Sugarcane bagasse is a waste material constituting an environmental problem. The material is found to indiscriminately liter most cities in the northern Nigeria. However, it can be put into proper use by treating and transforming it. Preparation of activated carbon from sugarcane bagasse using thermal method will go a long way to solving the environmental problem constituted by the sugarcane bagasse and it could also be a major research guide in the study of activated carbon.

1.3 Aim and Objectives

The aim of this research is to produce and characterize activated carbon from sugarcane bagasse by thermal method. The objectives of this research are as follows;

ü To investigate the effect of temperature on the quality of the activated carbon produced.
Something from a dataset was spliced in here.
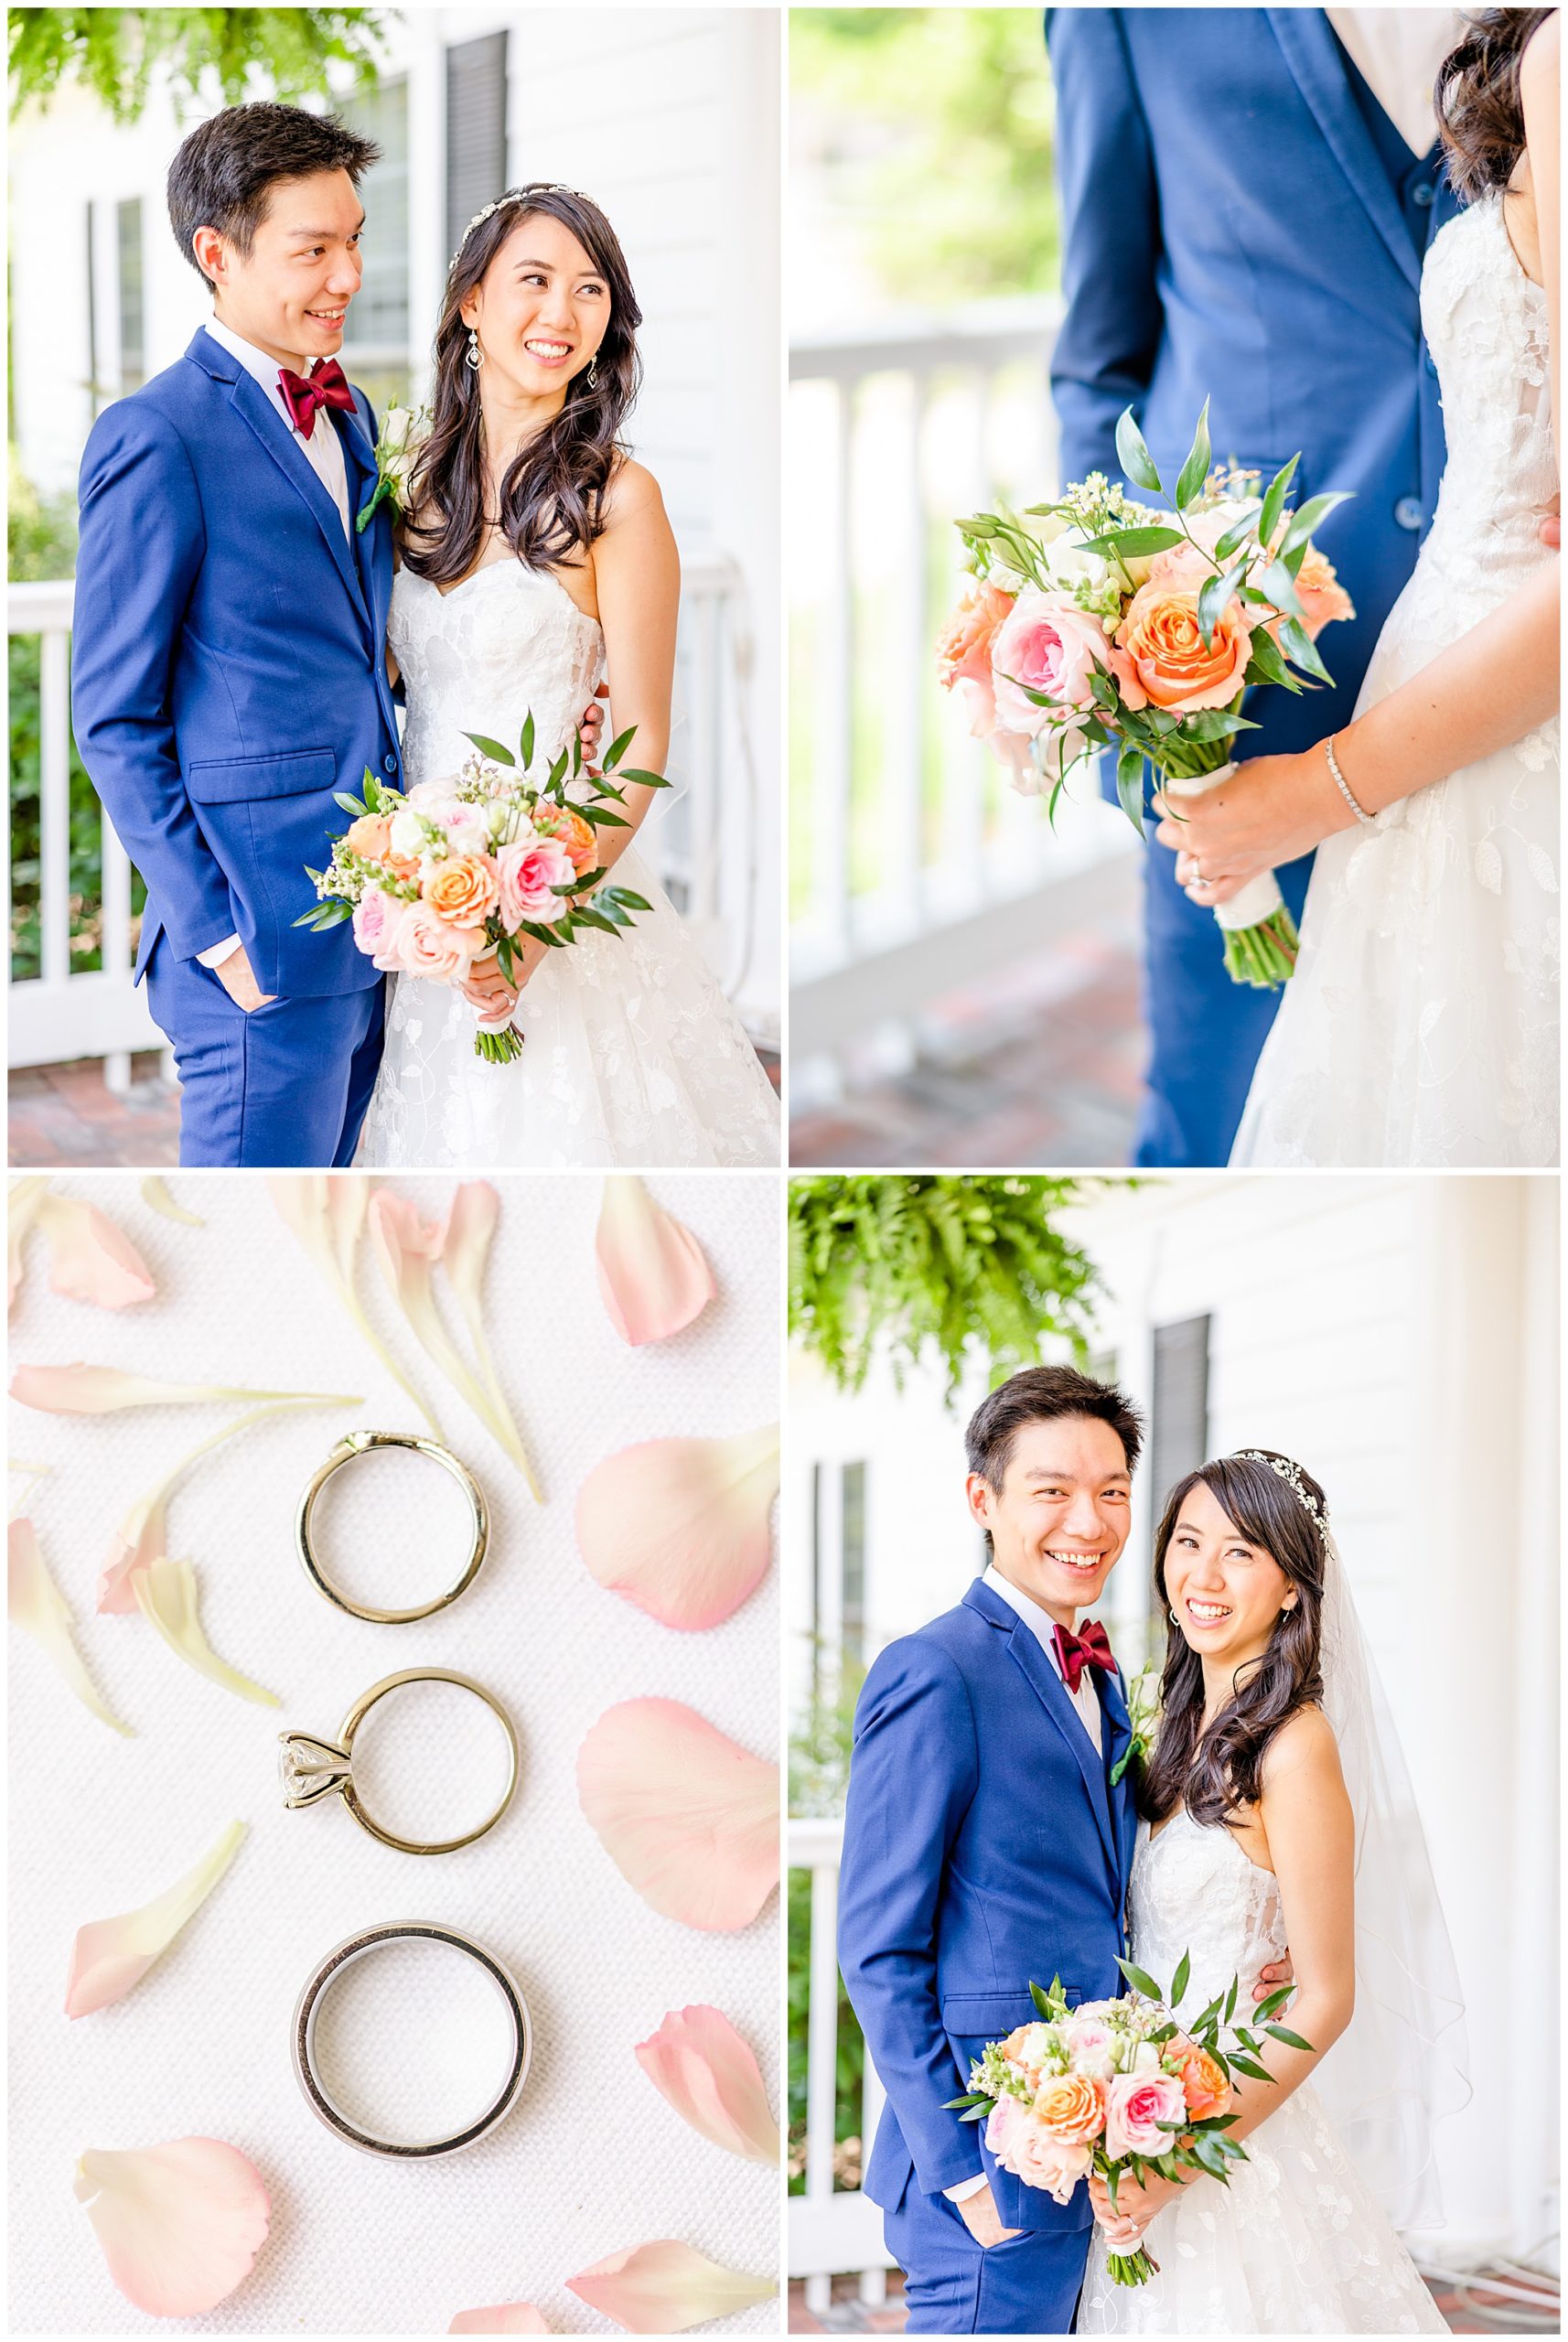 spring Westfields Golf Club wedding, Clifton Virginia wedding, northern Virginia wedding venue, DC wedding photographer, DC photographer, Virginia country club wedding, spring wedding aesthetic, Chinese American wedding, Rachel E.H.Photography, wedding rings surrounded by flower petals, bouquet by Blooming Spaces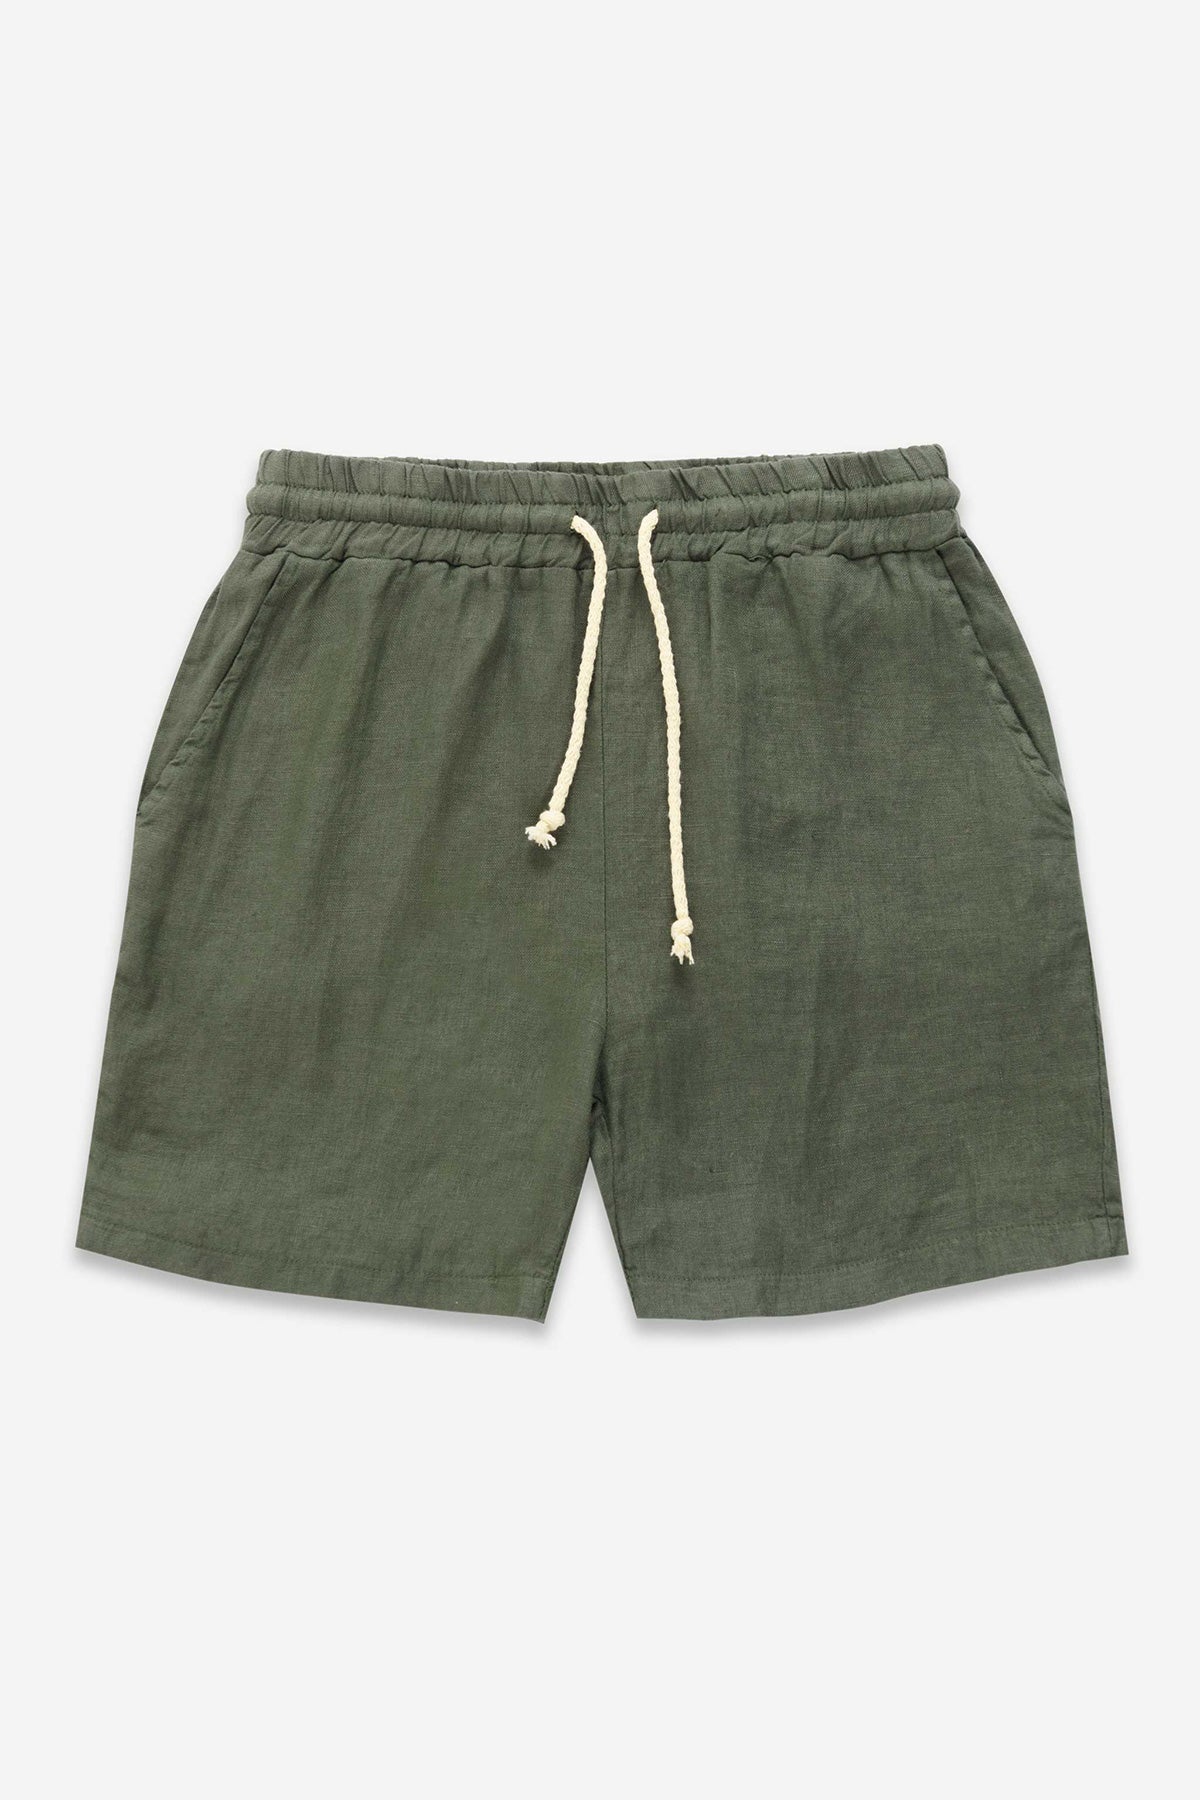 Olive Tailored Linen Shorts - Polonio

ü To characterize the activated carbon produced.

1.4 Scope

The scope of the research work includes

·       To investigate the effect of temperature from 500, 550 and 600oc on the quality of the activated carbon produced.

·       To analyze the activated carbon through FTIR and proximate analysis.

·       Preparation of activated carbon from sugarcane bagasse.

·       Characterization of activated carbon produced from sugarcane bagasse.

1.5 Relevance of the Research

a)   Utilization of available raw materials and waste materials.

b)   Creation of job opportunity.

c)   Generation of revenue.

1.6 Justification

Sugarcane bagasse is a locally available raw material which is not expensive but has a great effect in the production of activated carbon. The method of production is safe and easy.